Opioid addiction is common worldwide. Thienorphine hydrochloride is a newly partial opioid receptor agonist drugs. It's affinity with opioid receptors was much higher than opioids, which could effectively prevents opioid dependence by stop opioids competition for opioid receptors and causing opioid dependence. The aim of this research was to determine whether thienorphine hydrochloride would reduce opioid use and better preventing relapse among opioid addicts.

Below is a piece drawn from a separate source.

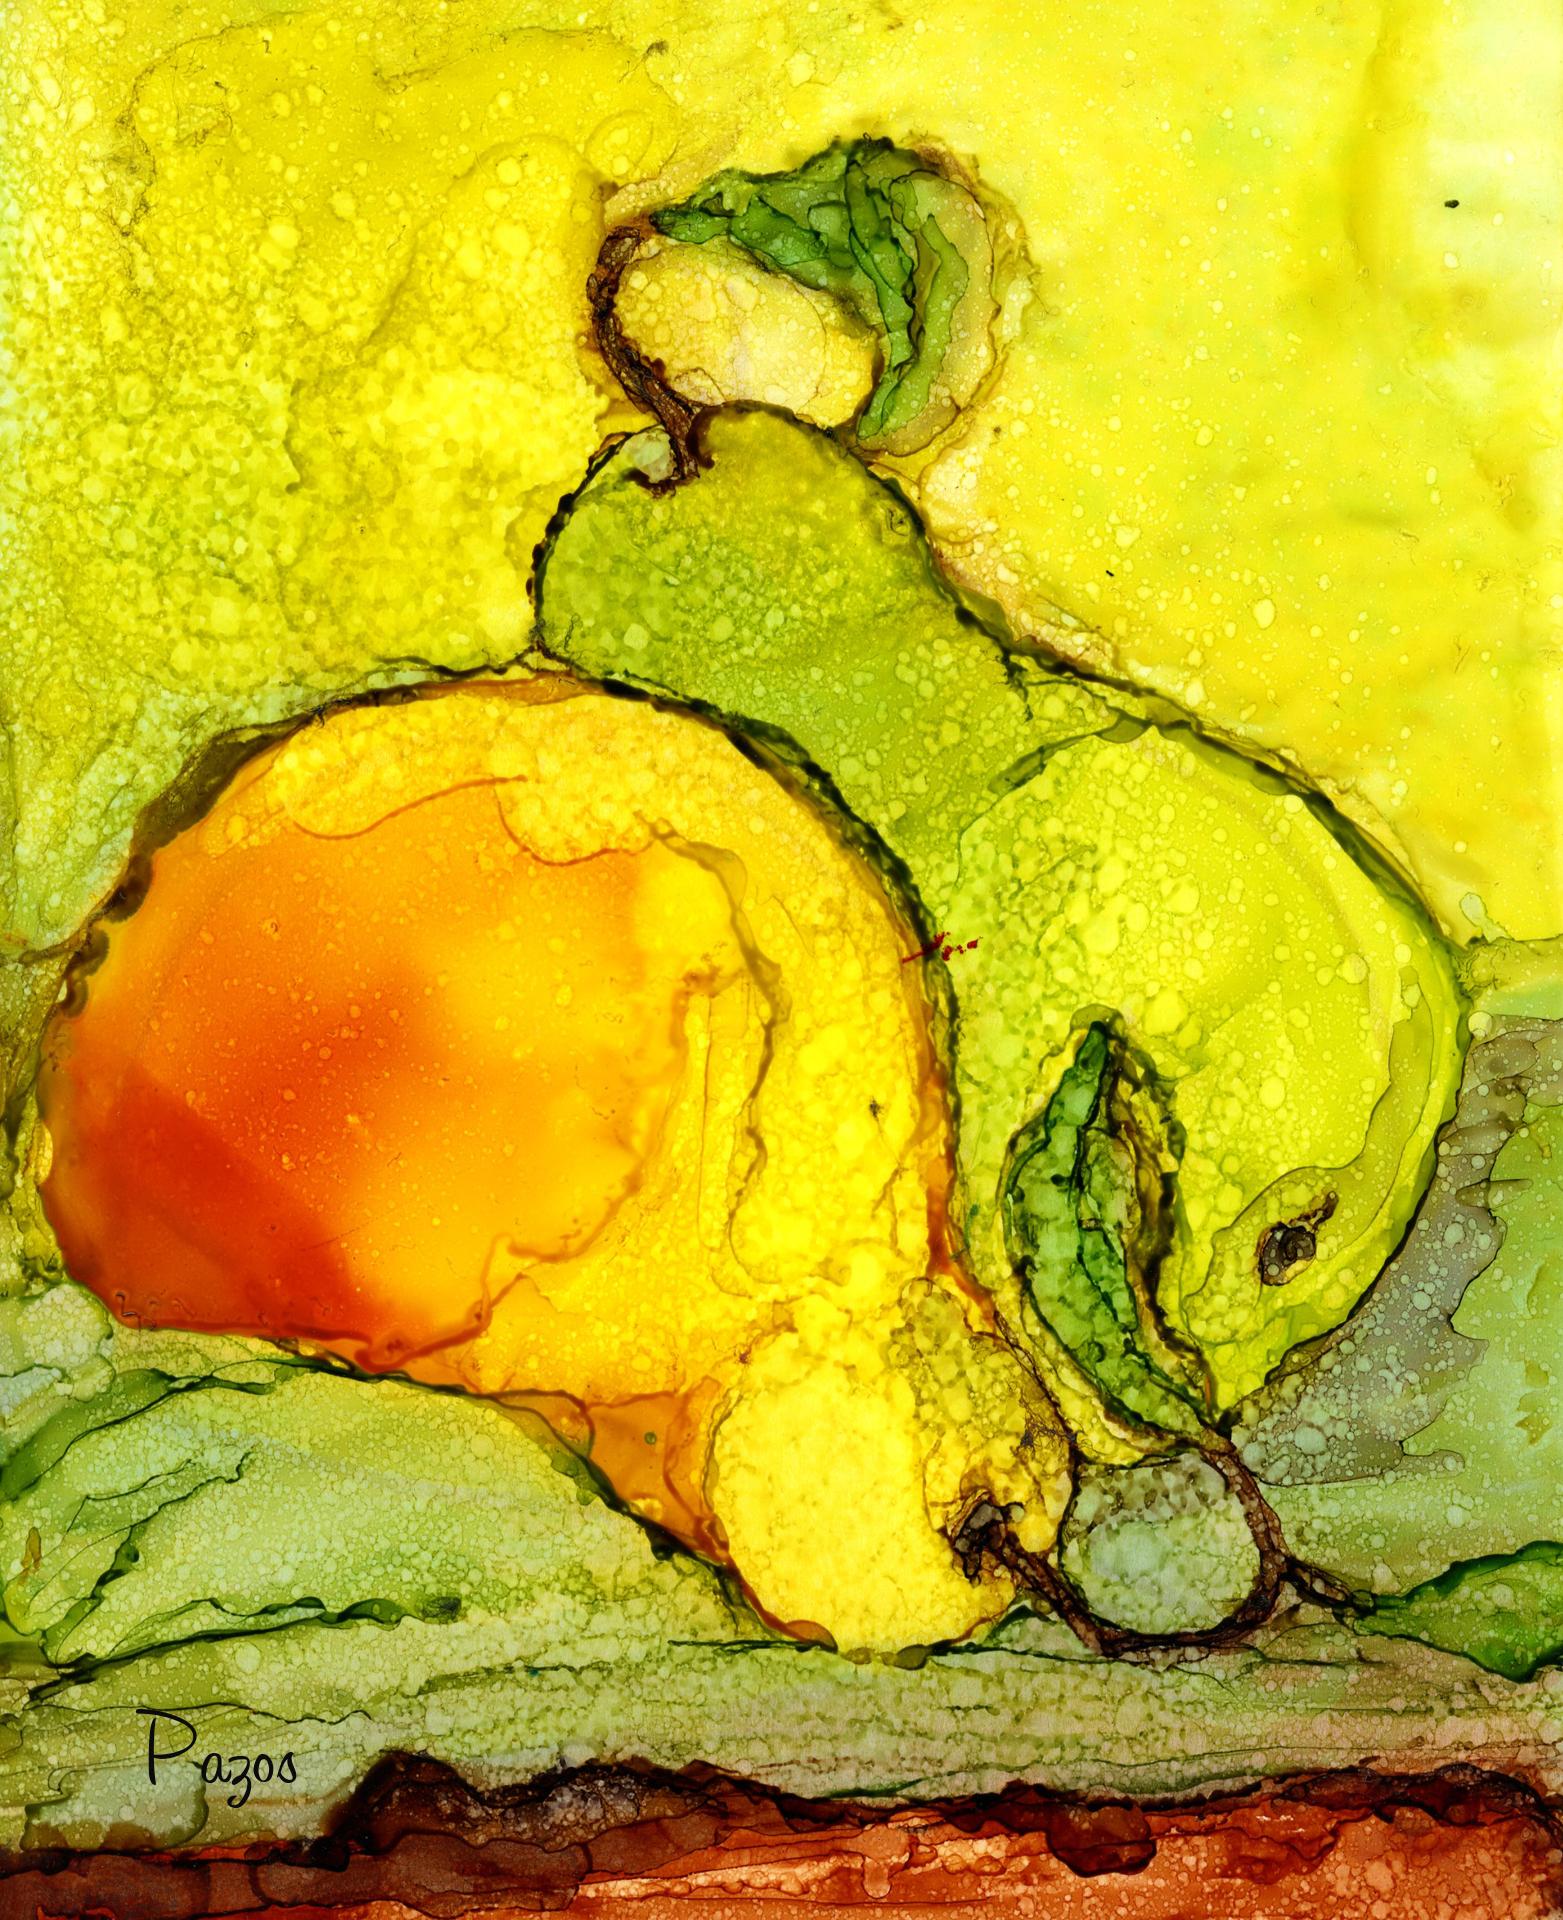 Dual Pears

Opioids dependence is a chronic brain disease, with a much higher rate of relapse rate. Relapse prevention is important for opioid dependence treatment. Thienorphine hydrochloride, derivatives of buprenorphine, is one of the receptor partial agonists. Previous research indicated that, it may be a safe and effective treatment for the prevention of opioid dependent patients after detoxification. In this multicenter, randomized, double-blind, placebo-controlled, phase Ⅱb clinical trial, we are aimed to evaluate the efficacy of thienorphine hydrochloride tablets for anti-relapse therapy after opioid dependence detoxification treatment, determining the optimal dose of thienorphine hydrochloride tablets, and further evaluate the safety of thienorphine hydrochloride for patients with opioid dependence. 180 eligible patients are going to be recruited and randomly assigned to 0.2mg/day group, 0.5mg/day group and placebo control group after they provided their consent forms. Subjects in each group would receive assigned treatment for 12 weeks. Primary outcome measure was retention time of each participants during these 12 weeks. Urine test for opioids, changing of withdrawal score and craving, self-reported euphoria after using heroin, subjects and researchers' overall evaluation of treatment efficacy are secondary outcome measures.
Study Type
INTERVENTIONAL
Allocation
RANDOMIZED
Purpose
TREATMENT
Masking
TRIPLE
Enrollment
180
Thienorphine hydrochloride dose was set as 0.2mg per day,last for 12 weeks.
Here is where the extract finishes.